ГЛАВА VII

We use cookies. Read the Privacy and Cookie Policy

ГЛАВА VII

Митрополит Макарий тихо скончался полгода спустя после открытия печатни.

Накануне его навестил государь. Долго пробыл один у постели умирающего, вышел из опочивальни быстрым шагом, ни на кого не глядя, дергаясь лицом.

Маврикий, постаревший, осунувшийся, тайно поведал Федорову: умолял митрополит царя учинить мир в царстве, не казнить более бояр, оставить пьяное питье и разврат.

— А государь?

— Бегал по опочивальне, жаловался, бранился… Сказал, что не хочет о боярах слышать. Что не митрополитово дело сие — за изменников заступаться…

— Да-а-а…

— Большим бедам быть, Иване! Чую! — озирнувшись, молвил Маврикий. — Уж если и с церковью святой государь ссору замыслил, не видать добра на Руси…

Федоров молча кивнул головой.

После отпевания Макария он не пошел в печатню, ноги сами привели к дому.

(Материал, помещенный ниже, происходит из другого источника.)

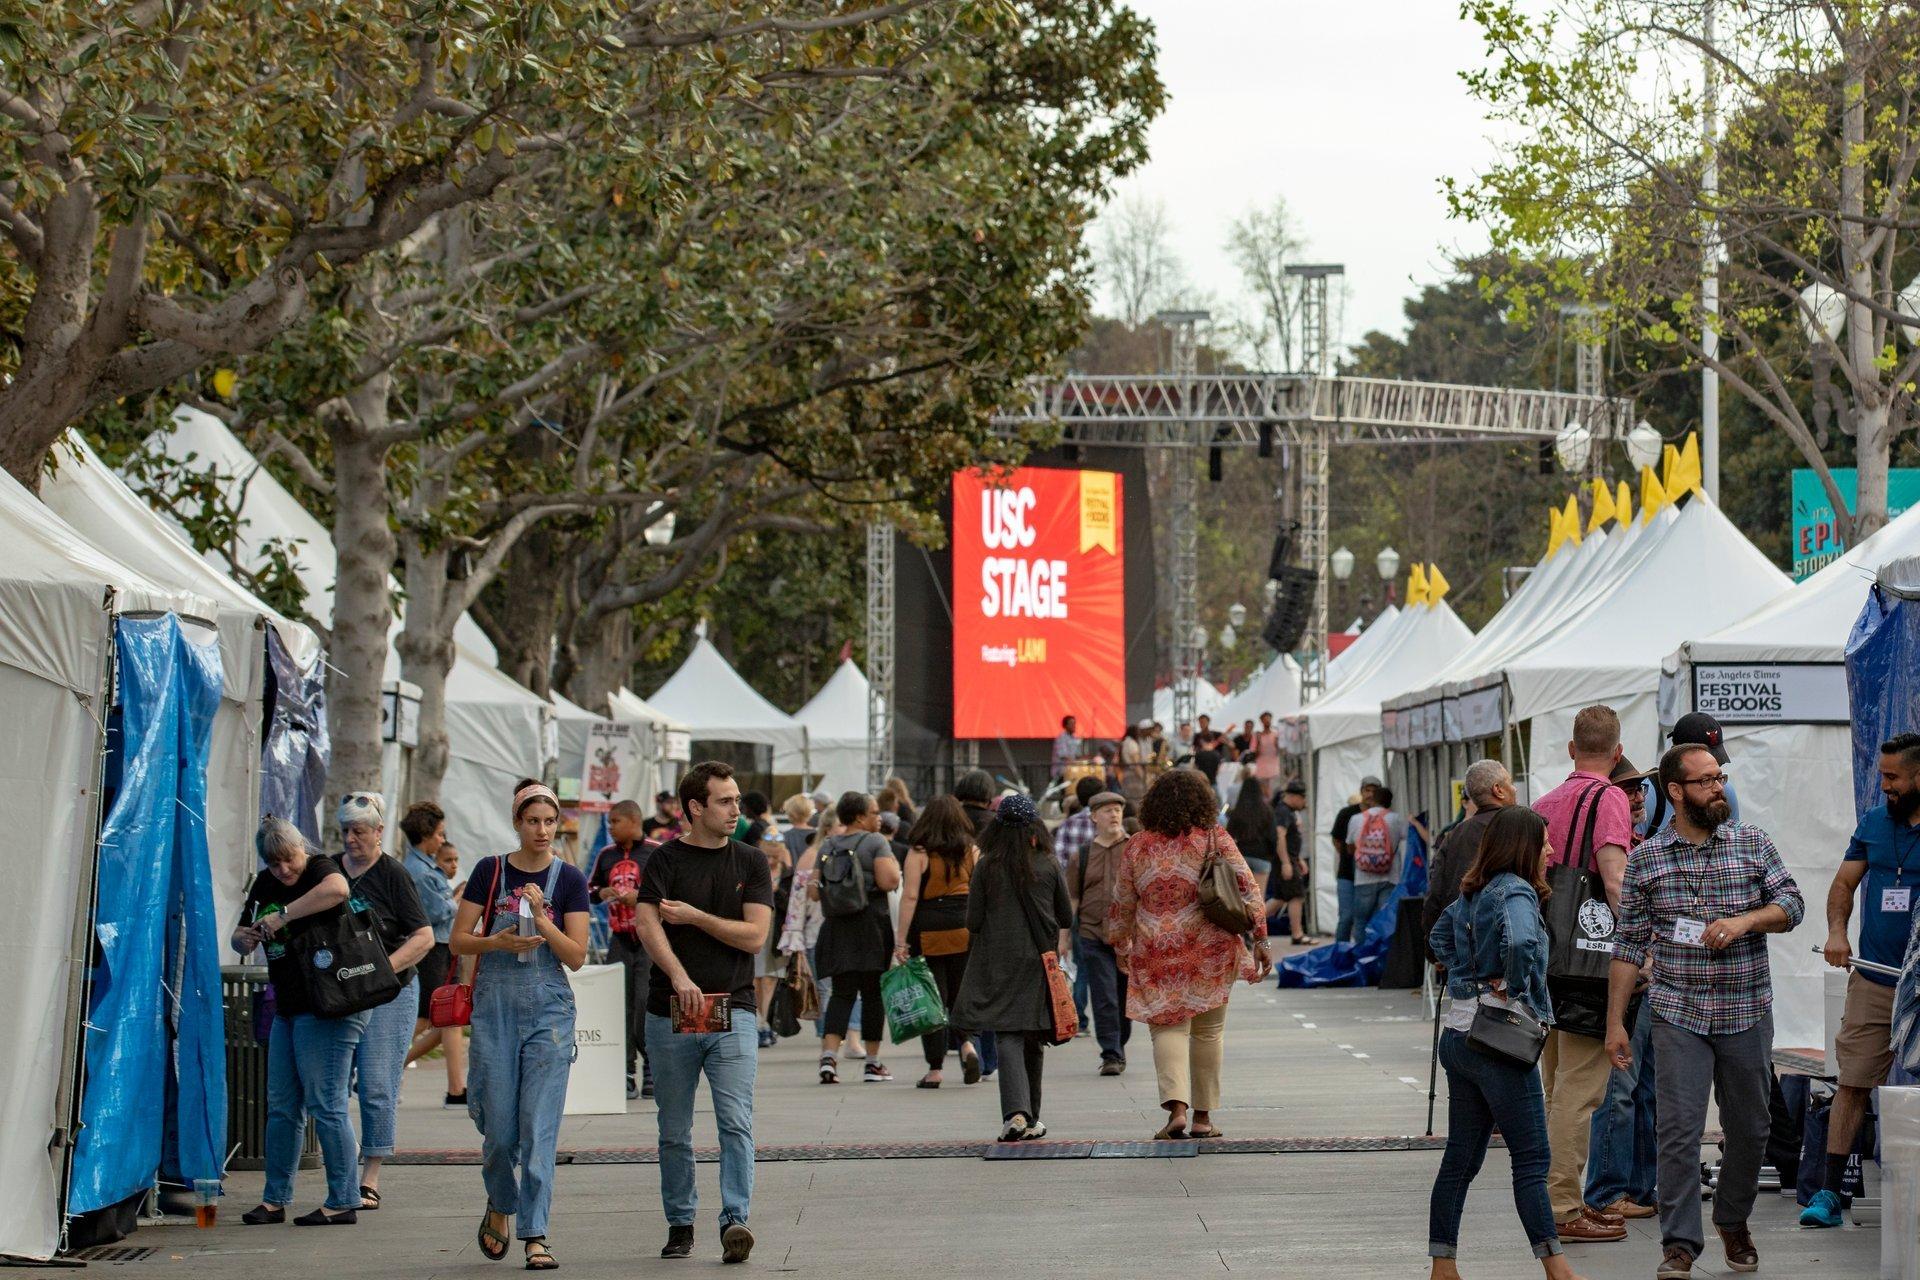 Los Angeles Times Festival of Books in Los Angeles - Best Season 2019

Сидел, положив голову на руки, думал.

Многим он был обязан митрополиту. В Москву призвал, поддерживал, если трудно приходилось, от клеветы защищал… Был добр и заботлив, и хотя не всегда прям, а порою лукав, слаб, как всякий человек, но стремился, чтобы по правде жизнь учинилась, всем блага хотел…

Кто заменит Макария? Нет равных ему по уму среди нынешних архиереев. Не будет больше рядом с царем духовного отца, который мог бы смягчить сердце Ивана Васильевича.

Что-то ждет теперь государство?

Как своя судьба сложится?

Не поднимут ли головы старые враги?

Опасения Ивана Федорова начали сбываться поразительно скоро.

Уже на пятый день после избрания в митрополиты архиепископа чудского Афанасия новый владыка призвал к себе печатника.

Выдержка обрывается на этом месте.